La polemica sulla possibile offerta della cittadinanza austriaca agli abitanti del “Tirolo storico” si presta a qualche riflessione che esula dal caso specifico: facendo comprendere tutta la strumentalità e la mancanza di basi dell’operazione.

Fa bene chi per l’Italia, al ministero degli Esteri, parla di “atto ostile”. Nel contempo è una risposta con le radici nel passato, ancorata alla logica dei vecchi nazionalismi: priva di uno sguardo sul futuro, ma anche solo di un piede ben piantato nel presente.

Cominciamo dalla cosa in sé. I caratteri culturali di un popolo vengono decisi sempre a posteriori: perché sono contestuali. Sono alcuni, in un certo momento storico, e altri in un altro. Il che non significa dire che non ci sono differenze: ma che il definirle e misurarle dipende molto dallo sguardo di chi le osserva. Anni fa ci fu, nella Gran Bretagna multiculturale, un interessante dibattito sull’essenza della “britishness”. Molto approfondito, andò avanti per mesi: ma si perse in una pluralità di risposte, quando si è trattato di andare nello specifico. Che cosa era, davvero, “britishness”? Parlare un buon inglese? Amare la famiglia reale? Bere il tè alle cinque? Leggere Shakespeare? Frequentare l’università a Cambridge? Giocare a cricket? La risposta, sul piano empirico – che non si lascia mai facilmente imbrigliare dai principi: il reale è sempre più complesso, ambiguo e contraddittorio dell’ideale – è che a queste categorie si adeguano spontaneamente un sacco di indopakistani nati in UK, e magari pochi “white anglo-saxon protestants” che parlano gallese, sono repubblicani, preferiscono la birra, riconoscono in Shakespeare il nome di un pub, non superano la scuola dell’obbligo, e preferiscono il football. Le cose sono ancora più complicate quando si parla di confini geografici, come nel caso del Tirolo. Perché essendo stati, nella storia, quanto di più mobile esista, pur pretendendosi sacri e immutabili, tutto dipende dal momento in cui decidiamo di misurarli. Pensiamo se volessimo dare la cittadinanza italiana, anzi, romana, ai sudditi dell’Impero nel suo momento di massima espansione! A maggior ragione, come accade sempre nel caso dell’idea austro-tirolese, se si includono anche minoranze linguistiche che mostrano con il loro stesso esistere di avere una storia diversa da chi li circonda. Dov’è allora la specificità? Non parliamo dell’unicità?

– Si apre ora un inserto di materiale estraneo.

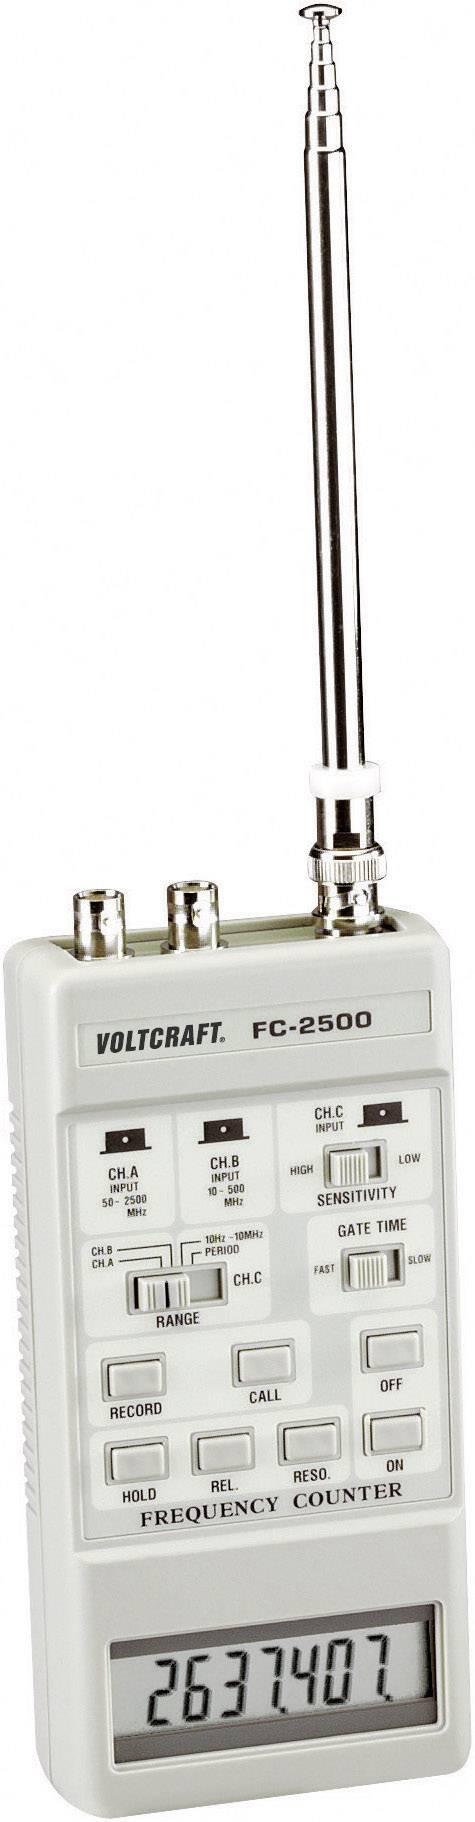 Čítač frekvence Voltcraft FC-2500, 10 Hz - 2,5 GHz

Ma la strumentalità la usano in tanti. Lo fece solo pochi mesi fa, in aprile, l’Italia, concedendo la cittadinanza italiana al piccolo Alfie Evans, che stava morendo per una gravissima patologia cerebrale, affinché potesse essere operato in Italia. Anche quello era un uso assai disinvolto del concetto di cittadinanza, che in termini di principio suscitava più di un interrogativo, e i britannici avrebbero potuto considerare un atto ostile: tra l’altro includeva implicitamente anche un pesante giudizio critico sia sul sistema ospedaliero britannico che, più gravemente ancora, sul suo sistema giudiziario, e sui valori etici fondanti del paese. Un uso disinvolto e strumentale della cittadinanza lo implicano peraltro anche quelle frequentemente concesse per motivi fiscali o per meriti sportivi. E le doppie e triple cittadinanze di alcuni. A proposito: anche ai trentino-tirolesi, in termini di pura convenienza, non è affatto detto che la cittadinanza austriaca aggiunga qualcosa…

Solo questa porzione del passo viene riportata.